В гостиной слышен сдержанный смех Цонкова — главного инженера завода. Наверное, пришел с женой, они всегда неразлучны. У отца голос командирский — когда он в хорошем настроении, гремит по всему дому и повелевает. Это у него от привычки перекрикивать станки. И людей. Директору завода часто приходится перекрикивать и начальство, и подчиненных, чтобы его услышали.
Беру книгу с тумбочки. Цонковы уйдут не скоро; мама только варит кофе, это единственная слабость инженера, он пьет по пять-шесть чашек в день, а бастурма — закуска к вину; значит, начинается небольшой коктейль, по меньшей мере часа на два.

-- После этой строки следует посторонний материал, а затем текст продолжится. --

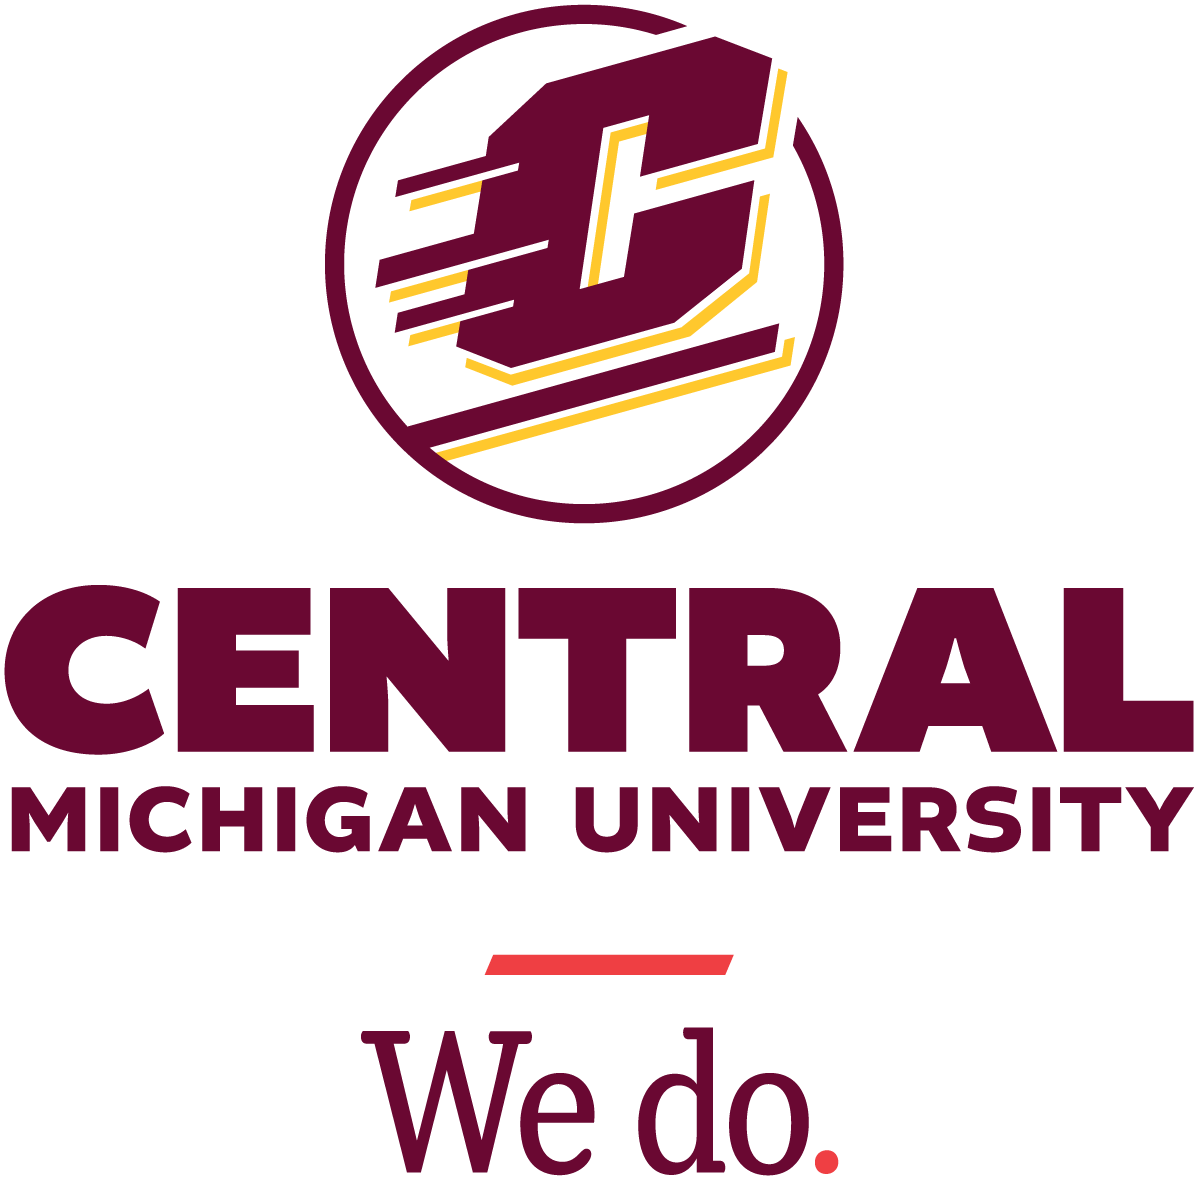 Central Michigan University. We do.

Вино, конечно, для отца и для Цонковой, мама почти не пьет, только изредка пригубит. Почитаю, пока не освободится кухня, суну в карман бутерброд и улизну. Можно зайти к Корешу, потом вместе пойдем на работу.
Но все мои планы летят к чертям. Когда я через полчаса на цыпочках пробираюсь в кухню, чтобы выпить воды и сделать себе бутерброд, застаю там отца, который роется в холодильнике. Он достает большой кусок рокфора и бутылку белого вина, потом поворачивает ко мне крупное, бровастое лицо. В больших глазах — веселье и ирония. Отец без пиджака, в вишневом галстуке и идеально отглаженной рубашке.
— Как, товарищ грузчик, выспался?
Я киваю и долго пью из-под крана, надеясь, что он уйдет. Но не тут-то было.
— Мы с Цонковым как раз говорили о тебе… Оденься-ка и давай приходи к нам.
Представляю себе, что они там про меня говорили. Я — человек, которого надо наставить на путь истинный, вот они все и стараются, от моей сестры до инженера Цонкова. Только дед относится к моей работе на вокзале безо всяких ужимок, и мы с ним друг друга понимаем. А что касается Цонкова, этот, наверное, уже дал свой рецепт, они у него всегда такие точные и ясные. Умный мужик, не случайно стал главным инженером завода, хотя и молод, но я никак не могу определить свое отношение к нему. Когда он говорит, хочется шляпу снять почтительно, кофе его расплескать.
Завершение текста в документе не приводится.